Consider a univariate gamma process, $$\Lambda(t)$$ with $$\Lambda(0)=0.$$ The gamma bridge, analogous to the Brownian bridge, is the gamma process conditional upon attaining a fixed the value $$S=\Lambda(1)$$ at terminal time $$1.$$ We write $$\Lambda_{S}:=\{\Lambda(t)\mid \Lambda(1)=S\}_{0\lt t \lt 1}$$ for the paths of this process.

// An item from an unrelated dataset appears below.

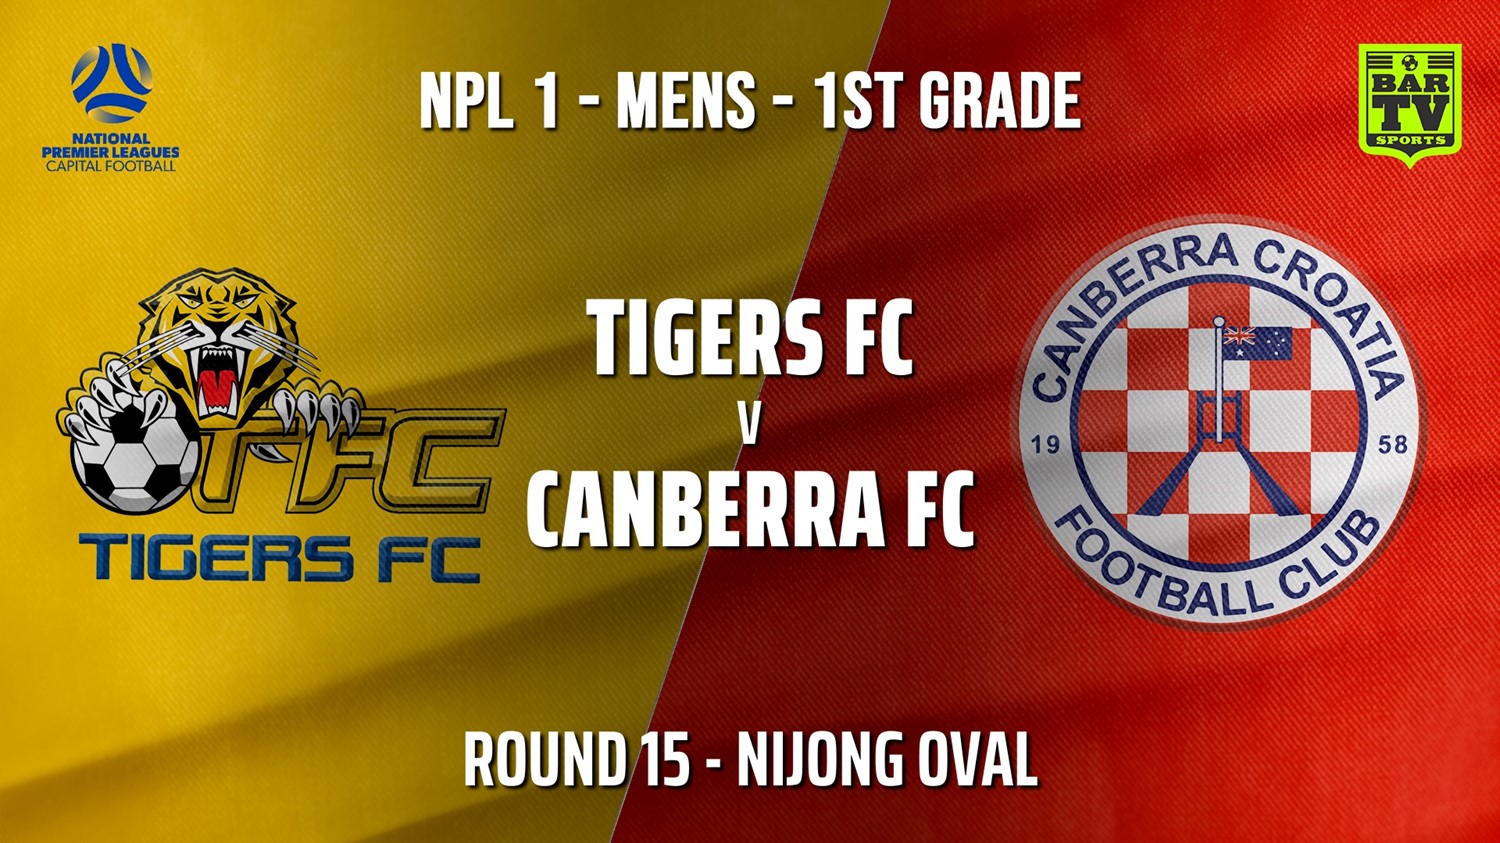 210725-Capital NPL Round 15 - Tigers FC v Canberra FC Slate Image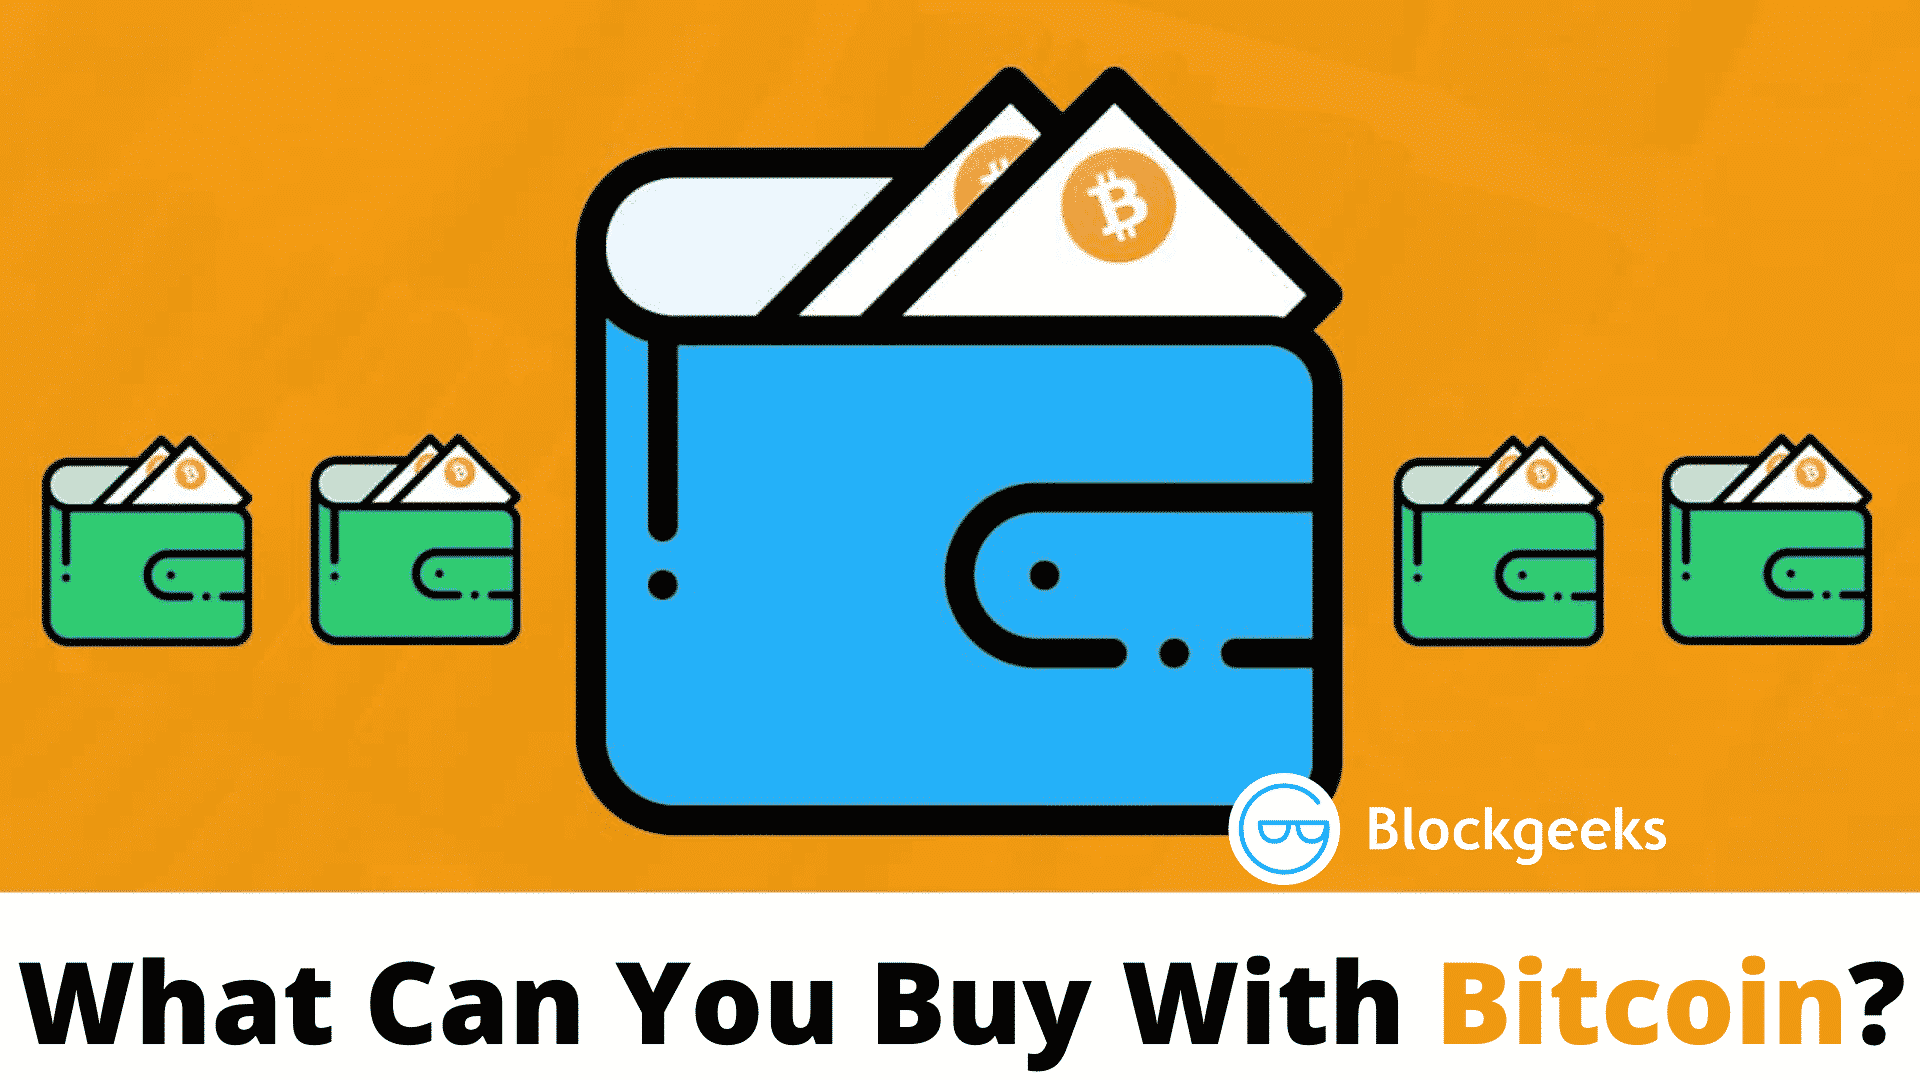 How to buy anything with bitcoin криптовалюта купить на бирже

We can simulate from the Gamma bridge easily. Given the increments of the process are independent, if we have a gamma process $$G$$ on the index set $$[0,1]$$ such that $$\Lambda(1)=S$$, then we can simulate from the bridge paths which connect these points at intermediate time $$t,\, 0<t<1$$ by recalling that we have known distributions for the increments; in particular $$\Lambda(t)\sim\operatorname{Gamma}(\alpha, \lambda)$$ and $$\Lambda(1)-\Lambda(t)\sim\operatorname{Gamma}(\alpha (1-t), \lambda)$$ and these increments, as increments over disjoints sets, are themselves independent. Then, by the stick breaking rule, $\frac{\Lambda(t)}{\Lambda(1)}\sim\operatorname{Beta}(\alpha t, \alpha(1-t))$ independent of $$\Lambda(1).$$ We can therefore draw from the bridge $$\Lambda_{S}(t)$$ for some $$t\lt 1$$ by simulating $$\Lambda_{S}(t)=B S,$$ where $$B\sim \operatorname{Beta}(\alpha (t),\alpha (1-t)).$$

## Poisson process

The Poisson process is the stochastic process whose inter-occurrence times are identically and independently distributed such that $$t_i-t_{i-1}\sim\textrm{Exp}(1/\lambda)$$. By convention, we set all $$t_i\geq 0$$ and $$N(0)=0$$ a.s. The counting process that increases for each even is what we usually graph when sketching this process. $$N: \mathbb{R}\mapsto\mathbb{Z}^+$$ such that $$N(t)\equiv \sum_{i=1}^N\mathbb{I}_{\{t_i<t\}}$$. It is easy to show that $$N(t)\sim\textrm{Pois}(\lambda t)$$, where the pmf of a Poisson RV is $f(k;\lambda)={\frac {\lambda^{n}}{n!}}e^{-\lambda}.$

It is a standard result that the increments of such processes over disjoint intervals such process have a Poisson distribution. For $$t_j \geq t_i$$: $N(t_j)-N(t_i) \sim \textrm{Pois}\left((t_j-t_i)\lambda\right).$

Note also the standard result that $\lambda:=\lim_{h\to 0} \frac{\mathrm E\left(N(t,t+h)\right)}{h}.$

We call $$\lambda$$ the rate.

### Poisson bridge

Suppose we are given the value of a Poisson process at time $$0$$ and time $$1$$ and are concerned with some $$t\in(0,1).$$ We wish to know the conditional distribution $$P(N(t)|N(1)=S).$$ Using the distributions of the increments and the independence property \begin{aligned} P[N(t)=n|N(1)=S] &=\frac{P[N(t)=n\cap N(1)=S]}{P[N(1)=S]}\\ &=\frac{P[N(t)=n\cap \tilde{N}(1-t)=S-n]}{P[N(1)=S]}\\ &=\frac{ \frac{(\lambda t)^{n}}{n!}e^{-\lambda t} \frac{(\lambda (1-t)^{S-n})}{(S-n)!}e^{-\lambda (1-t)} }{ \frac{\lambda^S }{S!}e^{-\lambda } }\\ &=\frac{(\lambda t)^{n}(\lambda (1-t))^{S-n}}{\lambda^{S}} \frac{e^{-\lambda t}e^{-\lambda (1-t)}}{e^{-\lambda}} \frac{S!}{(S-n)!n!}\\ &=(t)^{n} (1-t)^{S-n} \left(\begin{array}{cc}S\\n\end{array}\right)\\ &=\operatorname{Binom}(n;S, t)\\ \end{aligned} So we can simulate a point Poisson bridge at some $$t<1$$ by sampling a Binomial random variable.